Customer Reliability Engineer with NetApp

Remote (US)

$166.5K - 203.5K a year

We're forward-thinking technology people with heart. We make our own rules, drive our own opportunities, and try to approach every challenge with fresh eyes. Of course, we can't do it alone. We know when to ask for help, collaborate with others, and partner with smart people. We embrace diversity and openness because it's in our DNA. We push limits and reward great ideas. What is your great idea?

"At NetApp, we fully embrace and advance a diverse, inclusive global workforce with a culture of belonging that leverages the backgrounds and perspectives of all employees, customers, partners, and communities to foster a higher performing organization." -George Kurian, CEO

Job Summary

As a Customer Reliability Engineer, you'll manage a portfolio of customer-facing cloud services (SaaS/IaaS) ensuring overall availability, performance and security.

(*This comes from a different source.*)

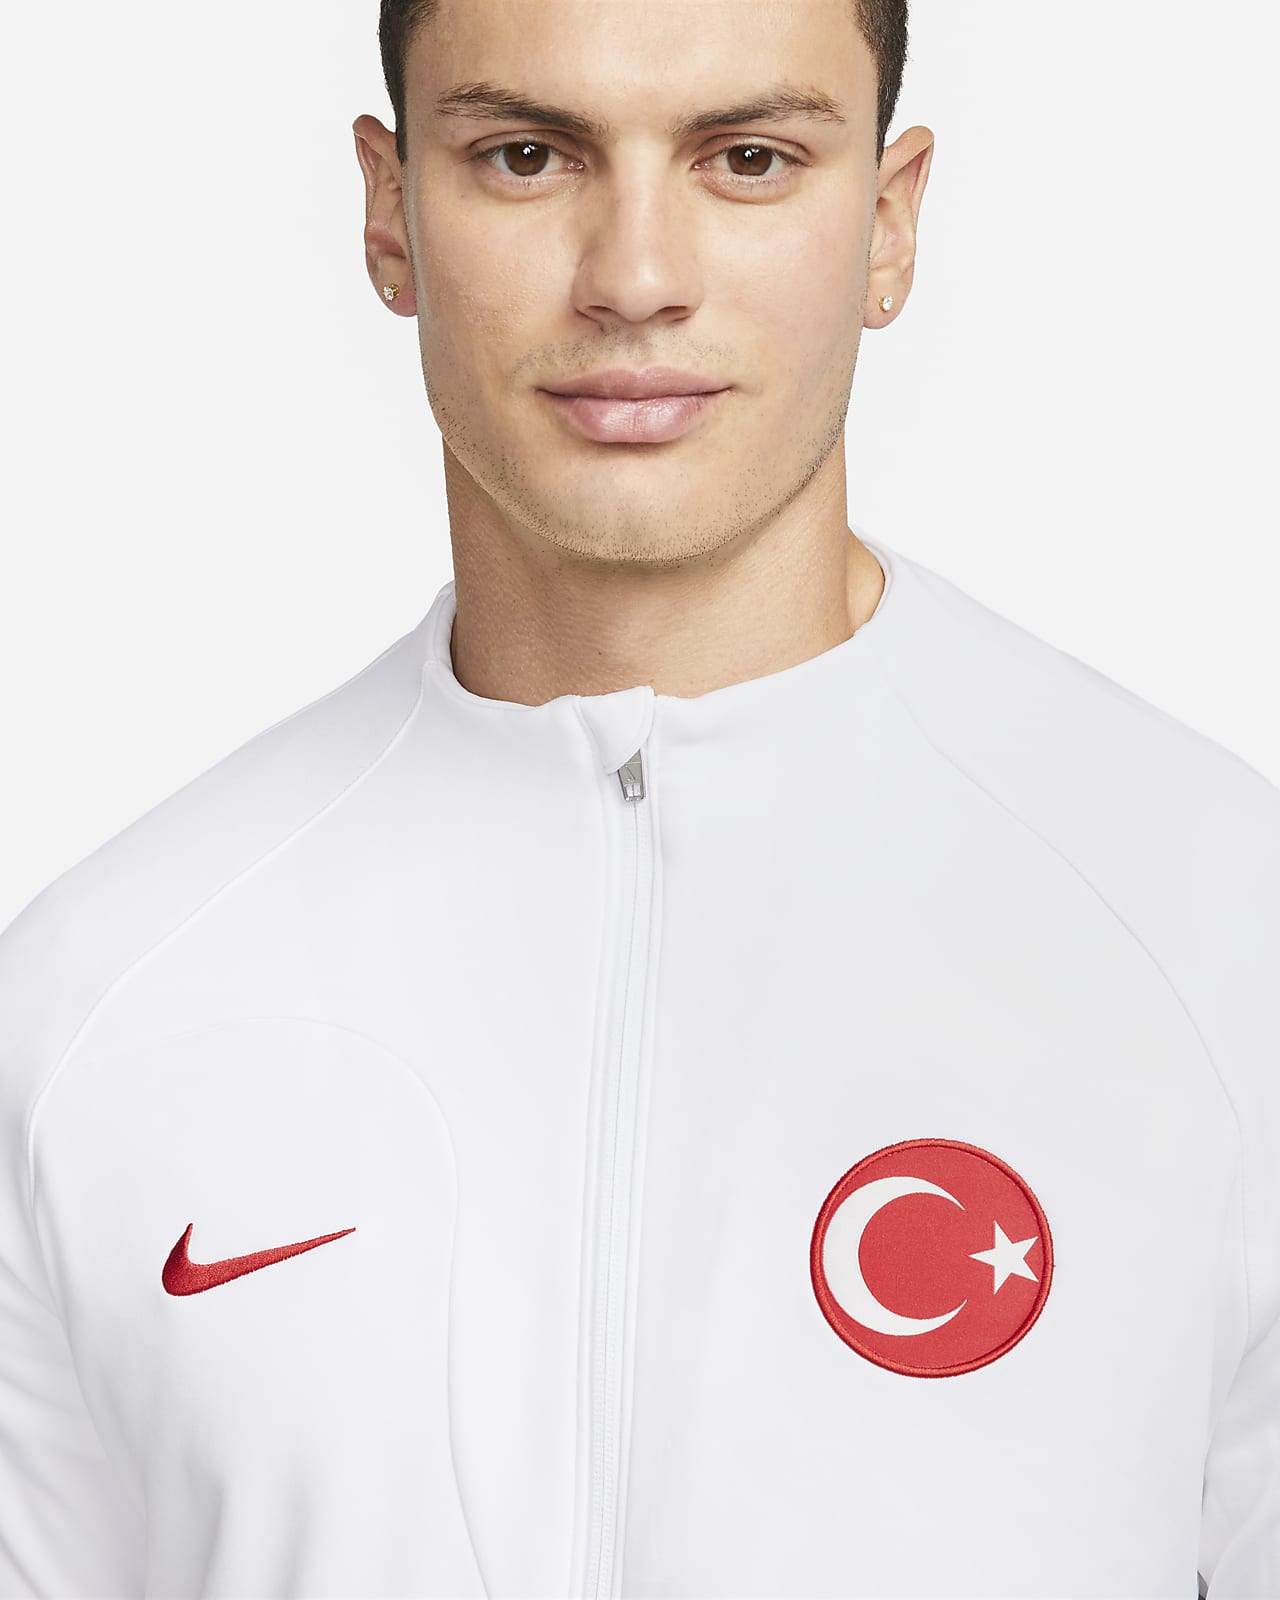 Sinds Een effectief Likken Türkiye Academy Pro Men's Knit Football Jacket. Nike LU

You'll work in a highly collaborative environment with NetApp and Google/AWS/Microsoft teams from all over the world (RTP, Reykjavík, Bangalore, Sunnyvale, Redmond, and more). This position includes rotational on-call work as part of a global team due to the critical nature of the services we support.

Job Requirements

You will be working in a hectic and fast paced organization as an engineer on the Customer Reliability Engineering (CRE) team. This team is responsible for assisting NetApp Cloud Volume Services (CVS) and Astra customers in resolving complex technical issues in production environments. 

We are looking for a CRE with a deep understanding of complex distributed system platforms/cloud technologies and ability to simply articulate it to customers and SREs within a customer organization. 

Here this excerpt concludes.